Network Transfer Cost Comparison

Cloud egress example (S3, 100 GB data transferred 10 times):

CodecCompressed SizeTransfer Cost (10×)Total Cost
none100 GB100 GB × 10 × $0.09 = $90$90
lz442 GB42 GB × 10 × $0.09 = $37.80$37.80
zstd(3)28 GB28 GB × 10 × $0.09 = $25.20$25.20
zstd(10)24 GB24 GB × 10 × $0.09 = $21.60$21.60
bzip219 GB19 GB × 10 × $0.09 = $17.10$17.10

Savings:

  • lz4: 58% reduction vs uncompressed ($52.20 saved)
  • zstd(3): 72% reduction ($64.80 saved)
  • bzip2: 81% reduction ($72.90 saved, but slow)

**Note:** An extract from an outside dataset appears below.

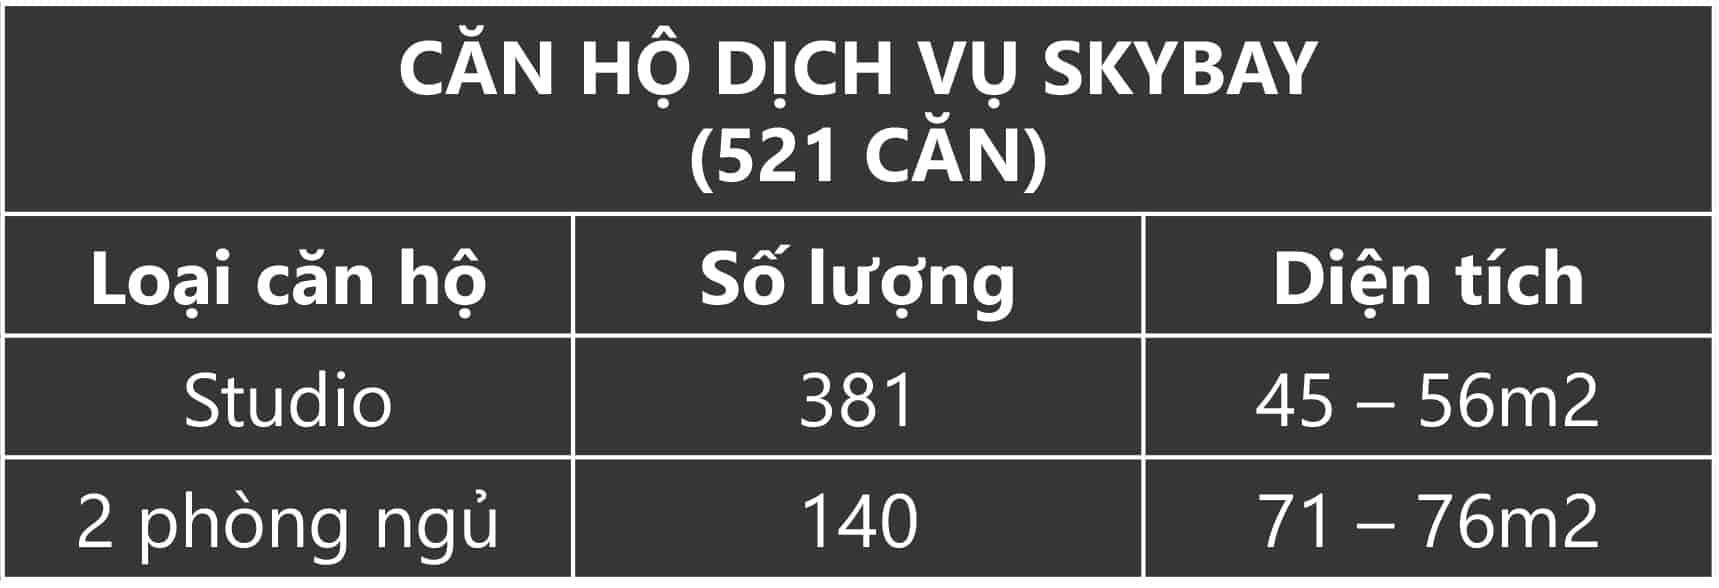 SKY BAY-min

For cloud workloads, compression significantly reduces bandwidth costs.

Filter Pipeline (Transformations)

Filters transform data before compression to improve efficiency.

Shuffle Filter

Reorder bytes to group similar values.

How it works:

Original (interleaved):
  float64 array [1.0, 2.0, 3.0]
  Bytes: [b0_1, b1_1, ..., b7_1, b0_2, b1_2, ..., b7_2, b0_3, ...]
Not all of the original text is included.